START Given information

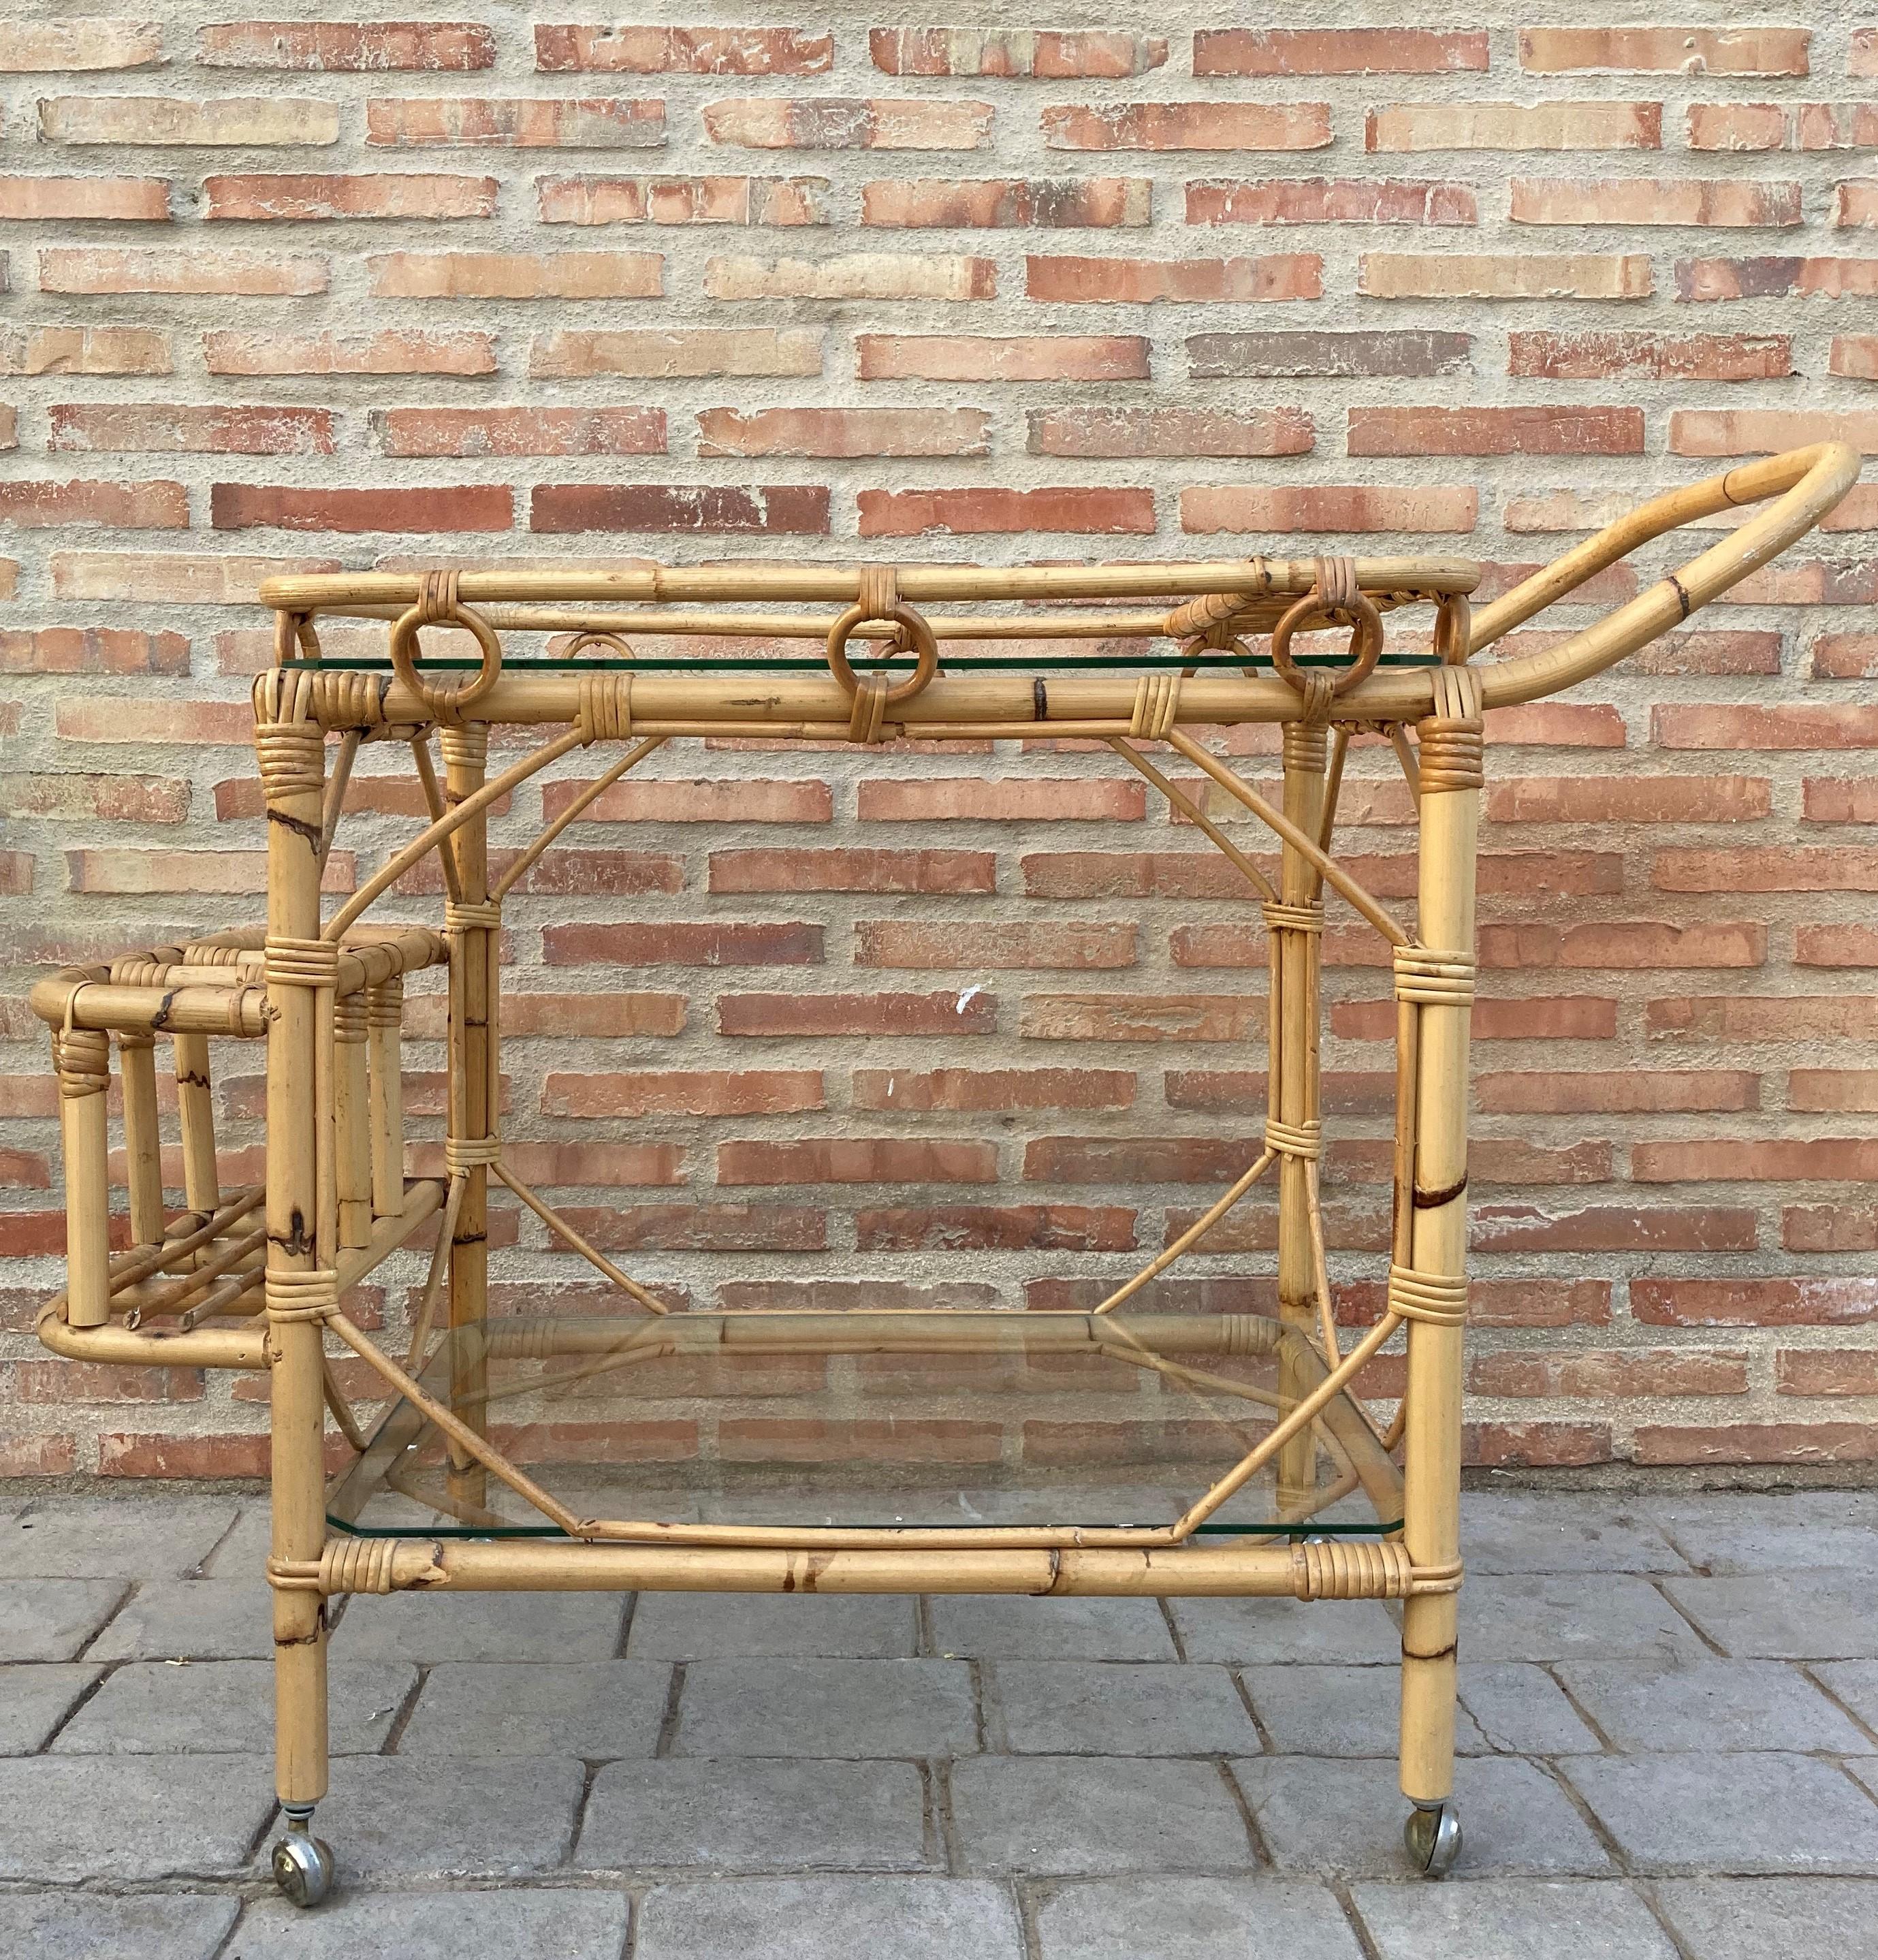 Chariot à thé en bambou de style Mid-Century Modern, Fabulous des années 1950. Fabriqué en bambou avec deux grandes roues. Porte-bouteilles à l'arrière.
En parfait état.
Parfait pour un jardin de plantes en pot ou pour un rangement supplémentaire

END Given information

### Your task
Write out the whole listing exactly, and drop the pictures.

### Expected answer
 Chariot à thé en bambou de style Mid-Century Modern, Fabulous des années 1950. Fabriqué en bambou avec deux grandes roues. Porte-bouteilles à l'arrière.
En parfait état.
Parfait pour un jardin de plantes en pot ou pour un rangement supplémentaire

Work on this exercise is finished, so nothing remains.